| Input data |
________
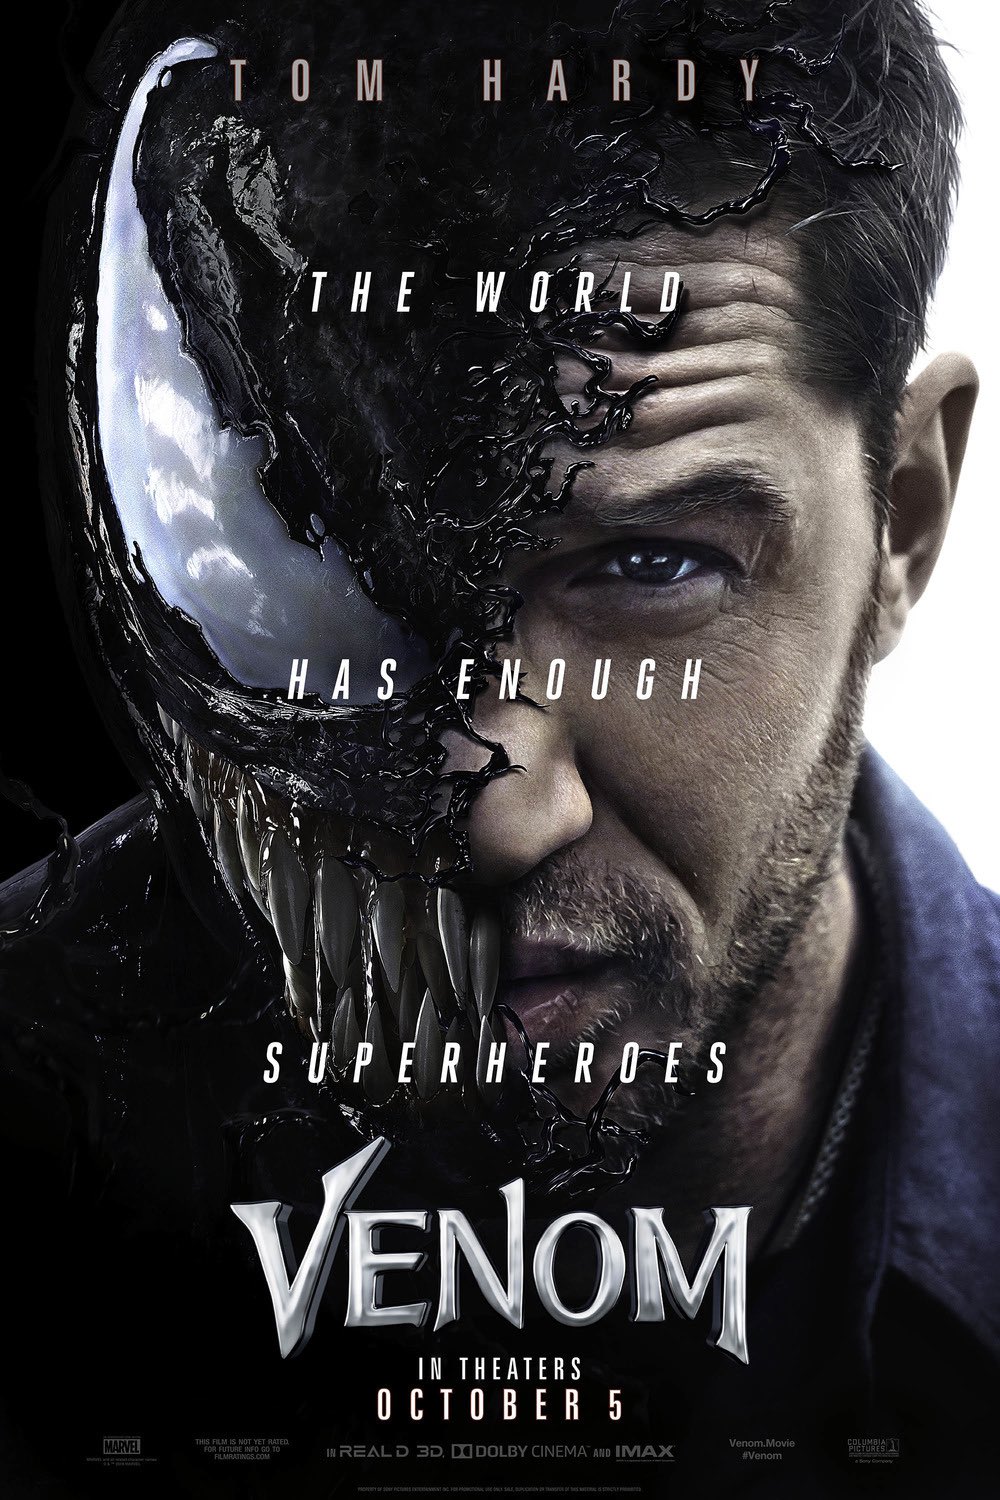 Diz Auf Twitter ヴェノムのポスター どれもかっこいい 一番楽しみにしてる映画 Venommovie Venom ヴェノム Venommoviejp T Co 9da0sqhngh Twitter
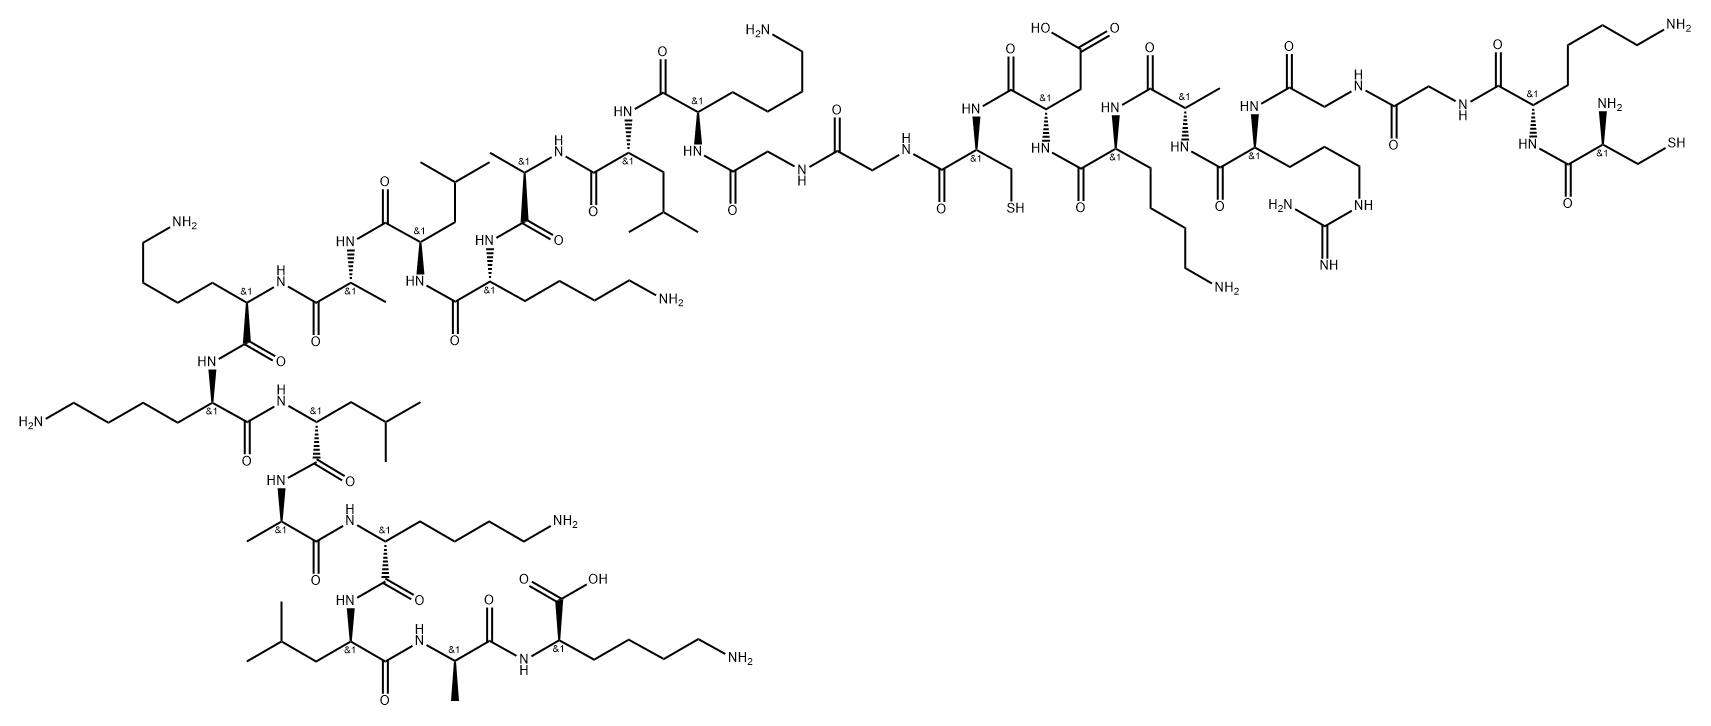 D-Lysine, L-cysteinyl-L-lysylglycylglycyl-L-arginyl-L-alanyl-L-lysyl-L-α-aspartyl-L-cysteinylglycylglycyl-D-lysyl-D-leucyl-D-alanyl-D-lysyl-D-leucyl-D-alanyl-D-lysyl-D-lysyl-D-leucyl-D-alanyl-D-lysyl-D-leucyl-D-alanyl-
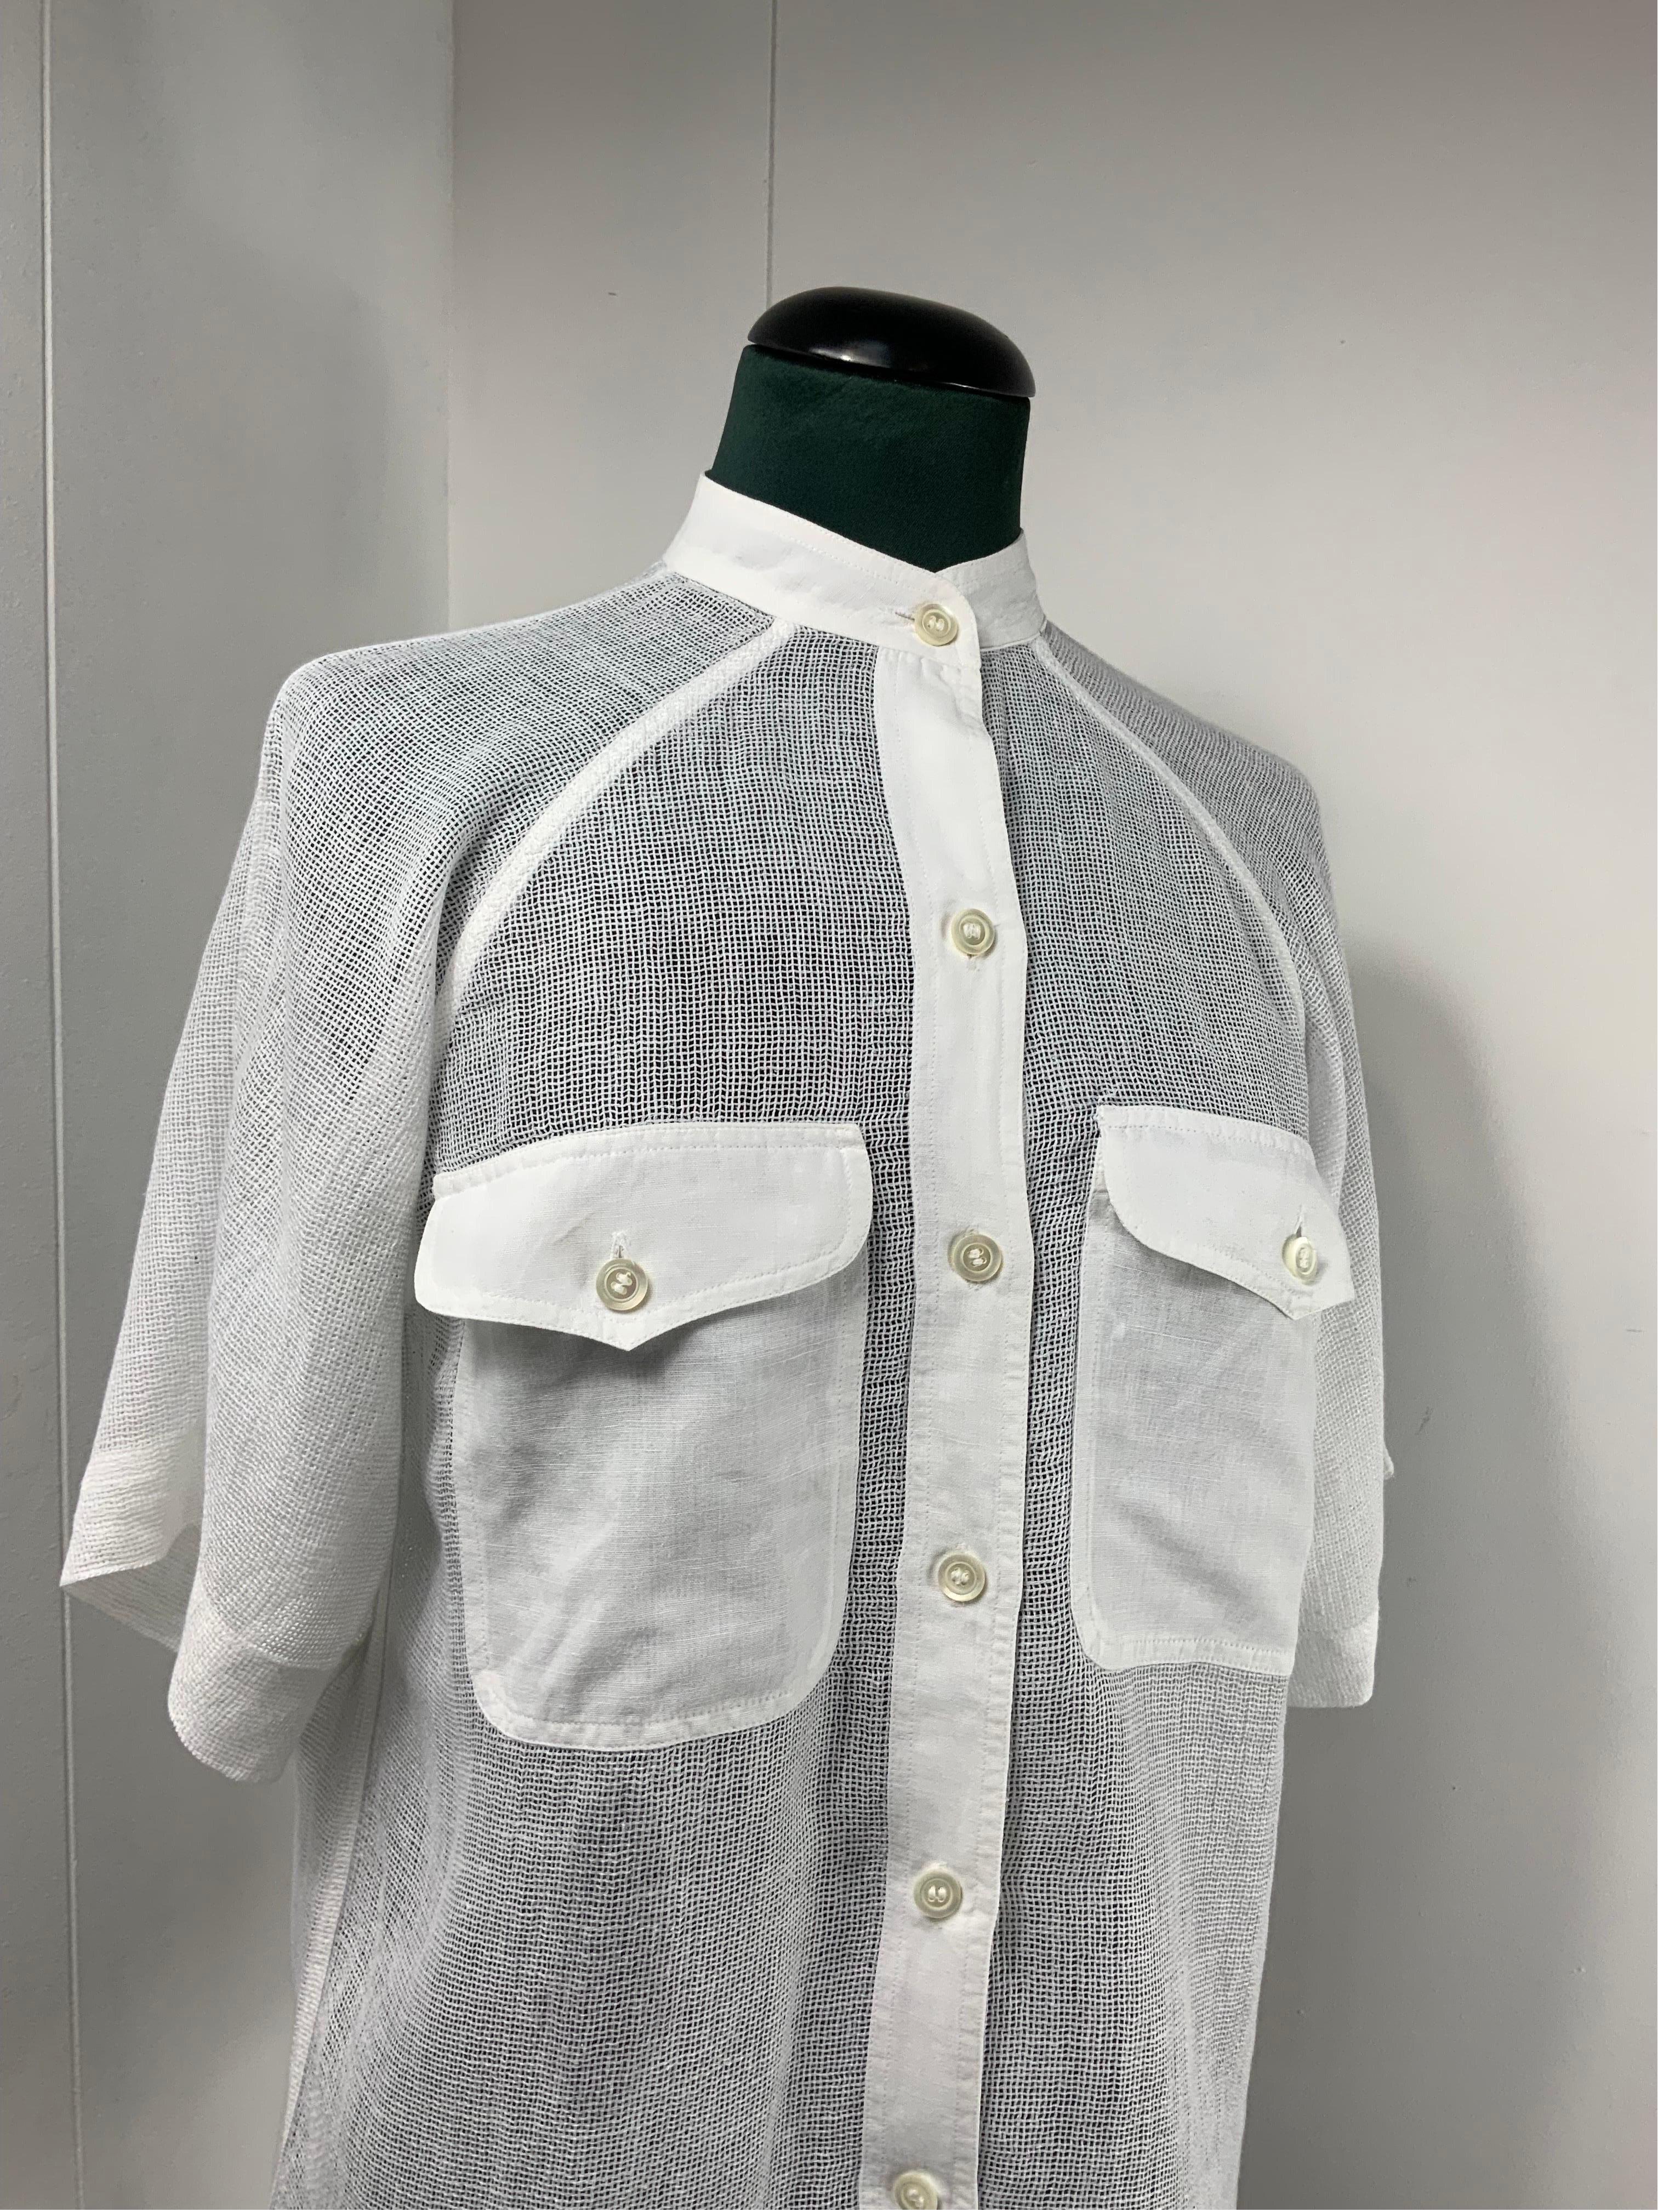 Women's or Men's Yves Saint Laurent Vintage Shirt
________
| Task requirements |
Repeat, exactly and only, the lines from the one containing "D-Lysine, L-cy" through the final line of the data, both ends included, leaving out any picture.

| Answer below |
 D-Lysine, L-cysteinyl-L-lysylglycylglycyl-L-arginyl-L-alanyl-L-lysyl-L-α-aspartyl-L-cysteinylglycylglycyl-D-lysyl-D-leucyl-D-alanyl-D-lysyl-D-leucyl-D-alanyl-D-lysyl-D-lysyl-D-leucyl-D-alanyl-D-lysyl-D-leucyl-D-alanyl-
 Women's or Men's Yves Saint Laurent Vintage Shirt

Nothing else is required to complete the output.